- **Supplied data**
Start of Block

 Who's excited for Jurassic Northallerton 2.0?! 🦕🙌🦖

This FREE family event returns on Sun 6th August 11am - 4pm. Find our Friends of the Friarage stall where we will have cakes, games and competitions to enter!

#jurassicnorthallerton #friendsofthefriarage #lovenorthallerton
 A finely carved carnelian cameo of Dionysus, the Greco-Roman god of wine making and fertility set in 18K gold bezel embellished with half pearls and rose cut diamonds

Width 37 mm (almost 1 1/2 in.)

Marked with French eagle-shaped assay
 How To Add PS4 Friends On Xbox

End of Block
Start of Block

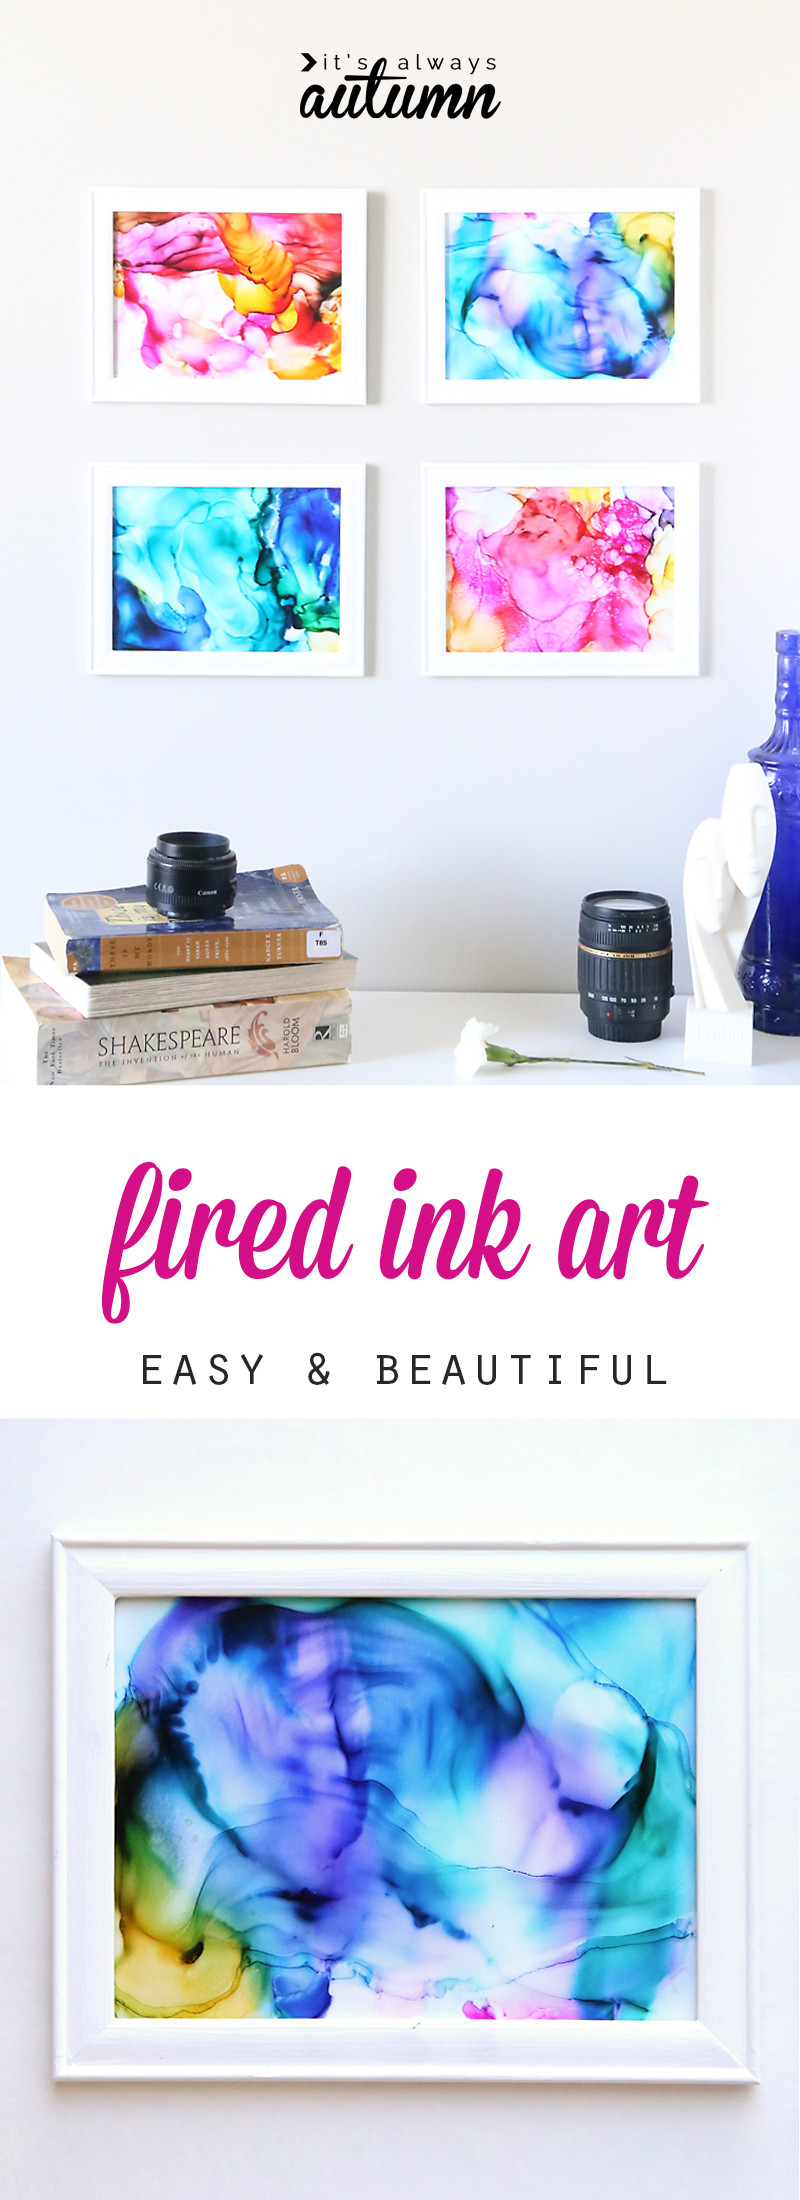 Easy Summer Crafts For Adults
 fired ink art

End of Block
Start of Block

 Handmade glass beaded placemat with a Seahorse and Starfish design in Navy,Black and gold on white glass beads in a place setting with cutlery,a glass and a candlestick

End of Block

- **Your task**
Pull out each line of the entries that contains "with".

- **Answer to the exercise**
 A finely carved carnelian cameo of Dionysus, the Greco-Roman god of wine making and fertility set in 18K gold bezel embellished with half pearls and rose cut diamonds
Marked with French eagle-shaped assay
 Handmade glass beaded placemat with a Seahorse and Starfish design in Navy,Black and gold on white glass beads in a place setting with cutlery,a glass and a candlestick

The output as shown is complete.